Taeyong'la gün boyu konuşmamıştık.
O bilgisayarın başına geçmişti, ben ise odama çıkmış ve birkaç şeyin yerini değiştirmiș, ardından da odayı temizlemiștim. Gün içinde elbette ki birbirimizle konuşmak zorunda kalmıştık ama bu konuşmalar, kelimeler o kadar soğuktu ki kendimi yine sonu gelmeyen büyük bir vicdan azabı çekerken bulmuştum.
Kediye mamasını vermiştim ve odamdaki bir pufu ona yatak olarak seçmiştim. Odayı temizlediğimden beri orada yatıyordu. Sabah Taeyong'la olan kavgamıza uyanıp yanımıza gelse de, tabiri caizse burun kıvırıp geri gitmişti. O bile ciddiye almıyordu bizi.
Taeyong'la konuşup bu soğukluğu ortadan kaldırmak istiyordum ama bir yanım bunu yapmamam gerektiğini söylüyordu çünkü neticesinde hâlâ bir yabancıydı, yakın arkadaş gibi oturup konuşamazdım onunla. Evet, aramızda bir duvar olmalı, kendimizi buna göre ayarlamalıydık ama bu kadarı nedense fazla geliyordu bana. Ne bileyim, onunla beraber televizyon izlemek ya da çay içmek istiyordum.
Farkettiğim bir başka şey ise bunların hiçbirini onunla yapmak istemememdi. Taeyong benim için daha önemliydi sanki. Onun canı acısa yanına gitmezdim ama Taeyong'un canı acısa koşa koşa giderdim belki de. Bunun sebebini bana yardım etmesine bağlıyordum. Başka bir şey bulamadığımdandı belki.
Koridordaki kitaplıktan aldığım kitabı okumak istiyordum. Ama ondan önce duşa girmem gerekliydi ama yine fikir değiştirip yarım saat kitap okuyayım, duşa da ondan sonra girerim moduna girmiş ve kitabımı elime almıştım. Saat 8 olmuştu ve yaklaşık 3 saattir Taeyong'u görmüyordum. Ne yaptığını da bilmiyordum, en son bilgisayarın başındaydı.

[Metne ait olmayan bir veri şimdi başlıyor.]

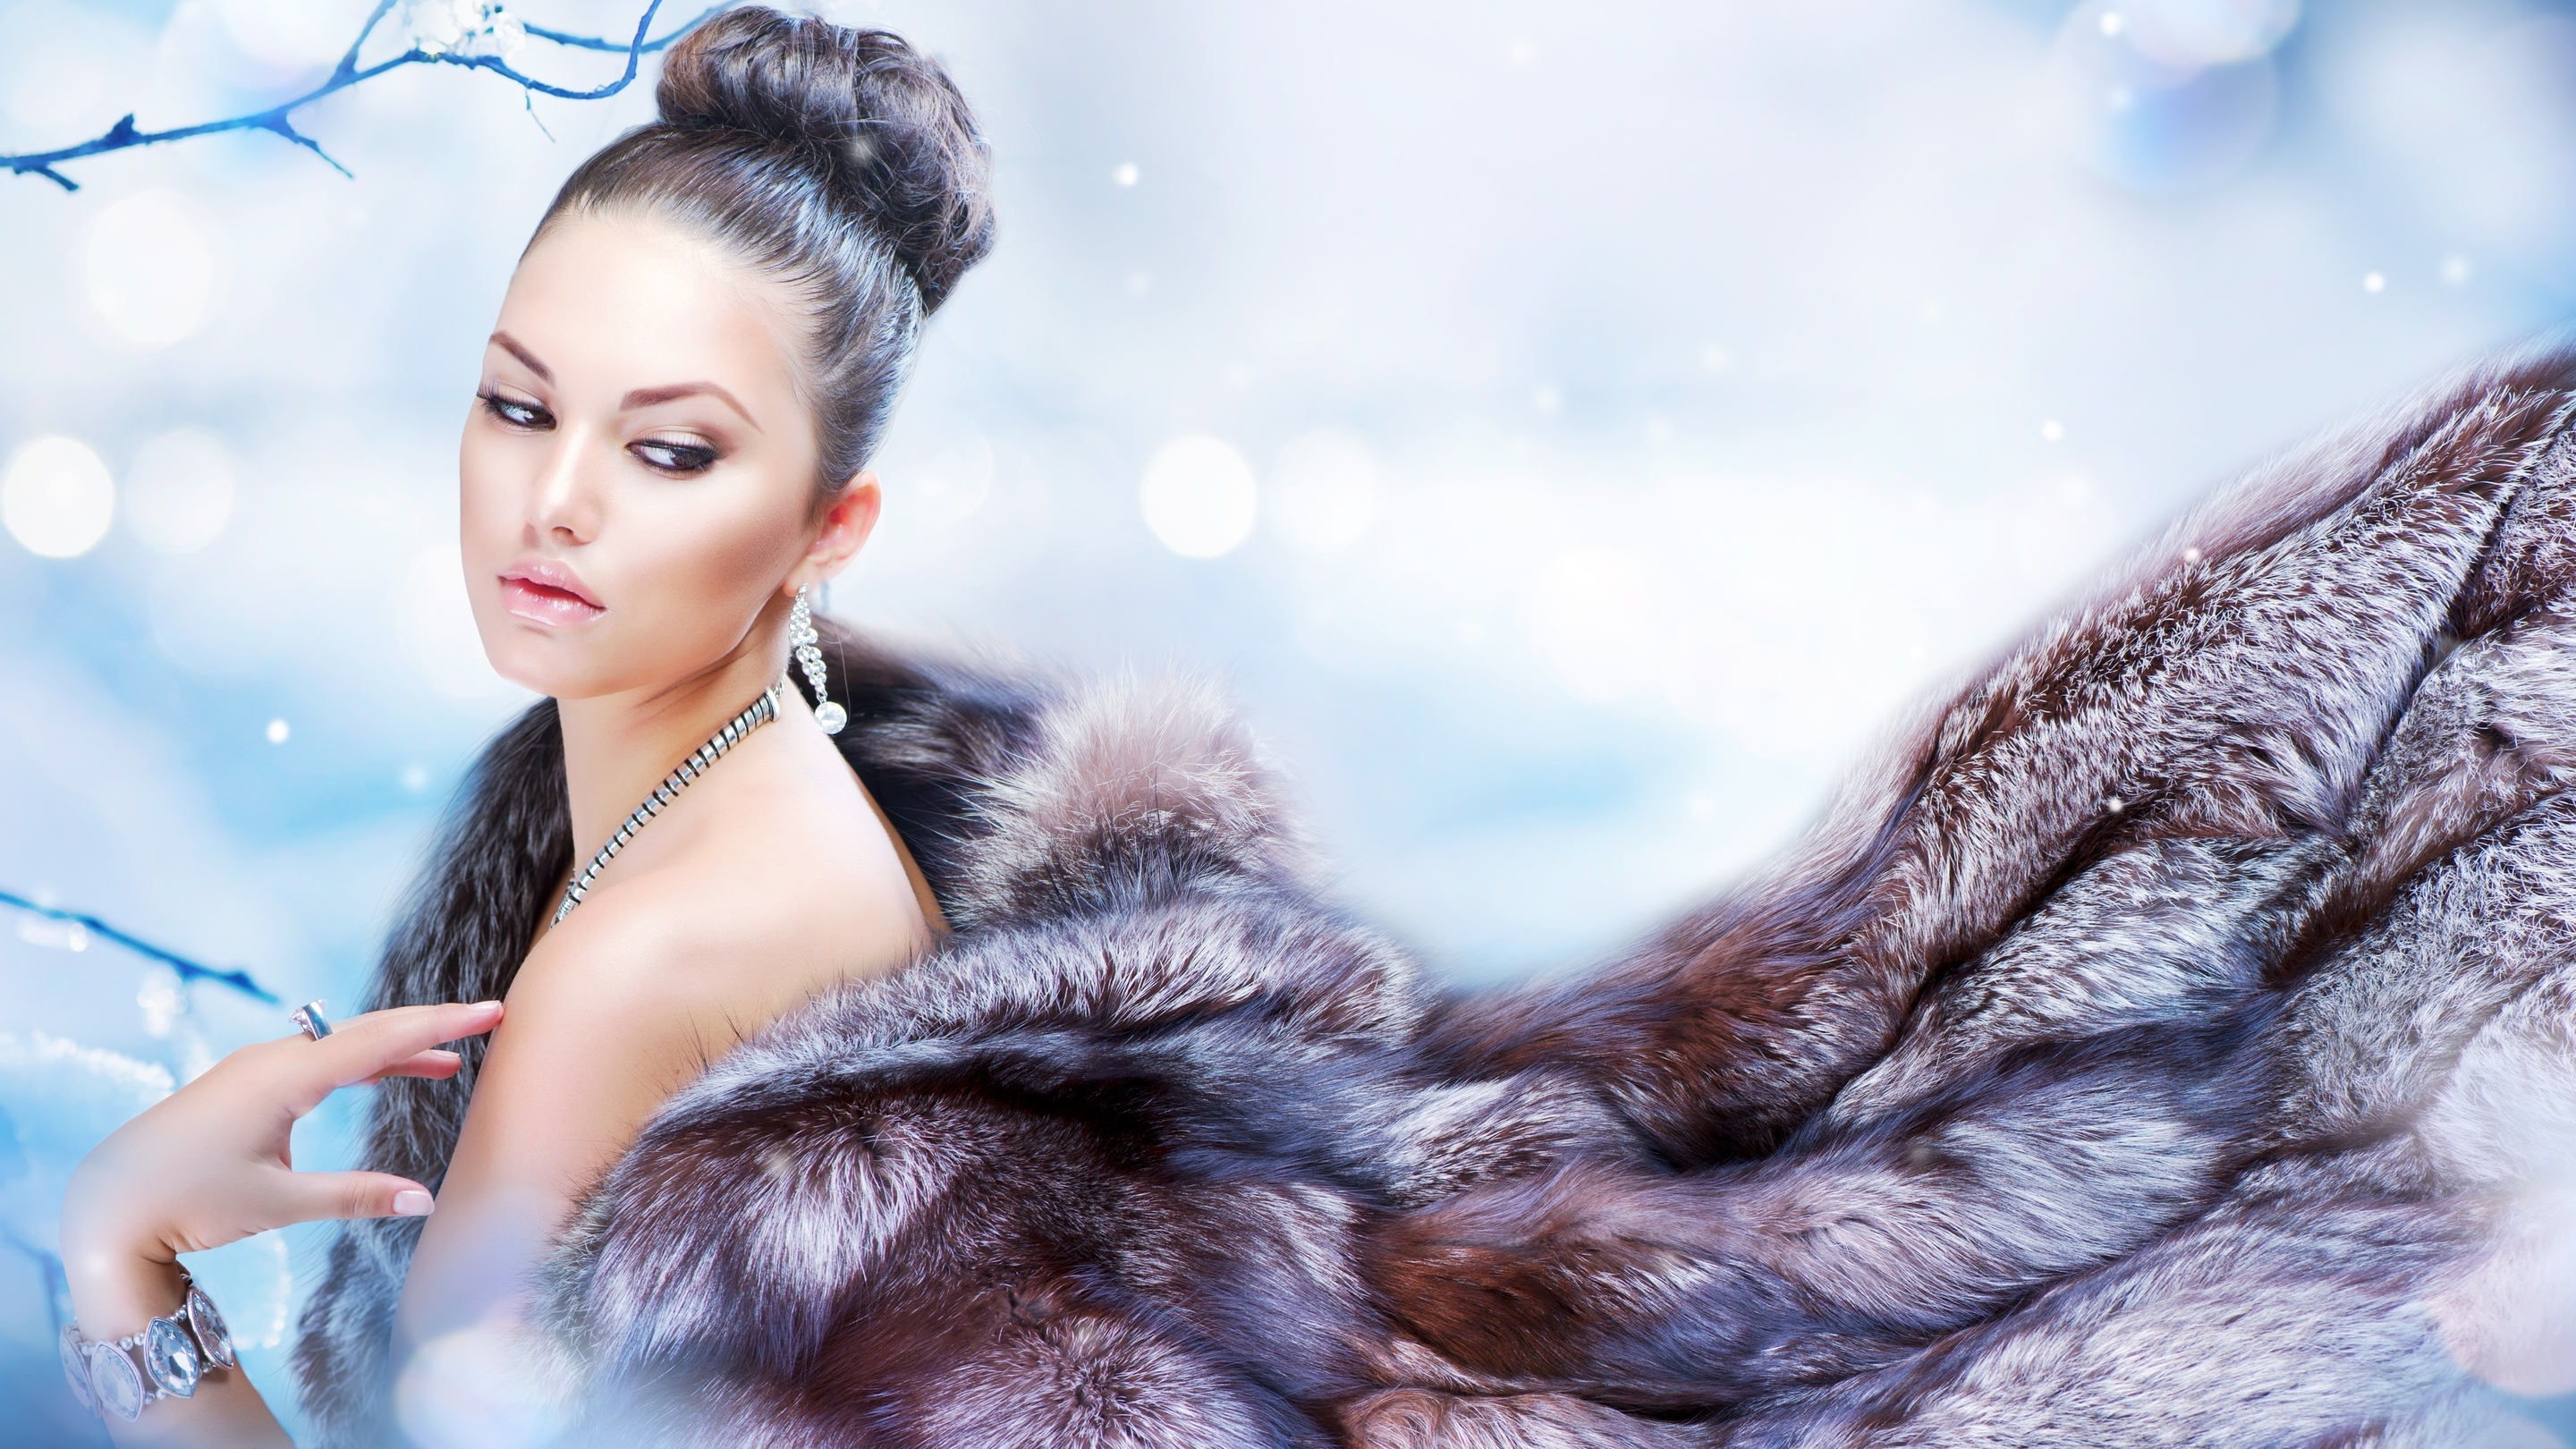 Image: Girl, makeup, hair, bundle, decoration, fur, fur coat, winter

Gözüm solumda kalan komodinin üzerindeki zarfa takıldı. Parayı neye ya da nereye harcayacağımı bilmiyordum. Bir telefonum yoktu ve eğer başıma bir şey gelirse kimseye haber veremezdim, bu yüzden ilk olarak telefon almalıydım. Kalanı da kıyafete falan ayırır, gerektiği zaman evin ihtiyaçları için kullanırdım.
Son zamanlarda değiştiğimi hissediyordum. Ama bunun iyi mi yoksa kötü mü olduğunu bilmiyordum. Mesela onu düşünmemem ya da rüyalarıma girmemesi gerekiyordu ama hep tam tersiydi. Dün gece bile onu görmüştüm rüyamda. O evde kaldığım zamanlar aklıma bile gelmiyordu ama şimdi... Aklımdan çıkmıyordu ki. Nefesi bana kendimden daha yakındı. Onu neden gördüğümü bilmiyordum ve anlamdırmak istemiyordum. Onu bilmek ya da görmek istemiyordum. Zihnimdeki resmini yırtıp atmak istiyordum.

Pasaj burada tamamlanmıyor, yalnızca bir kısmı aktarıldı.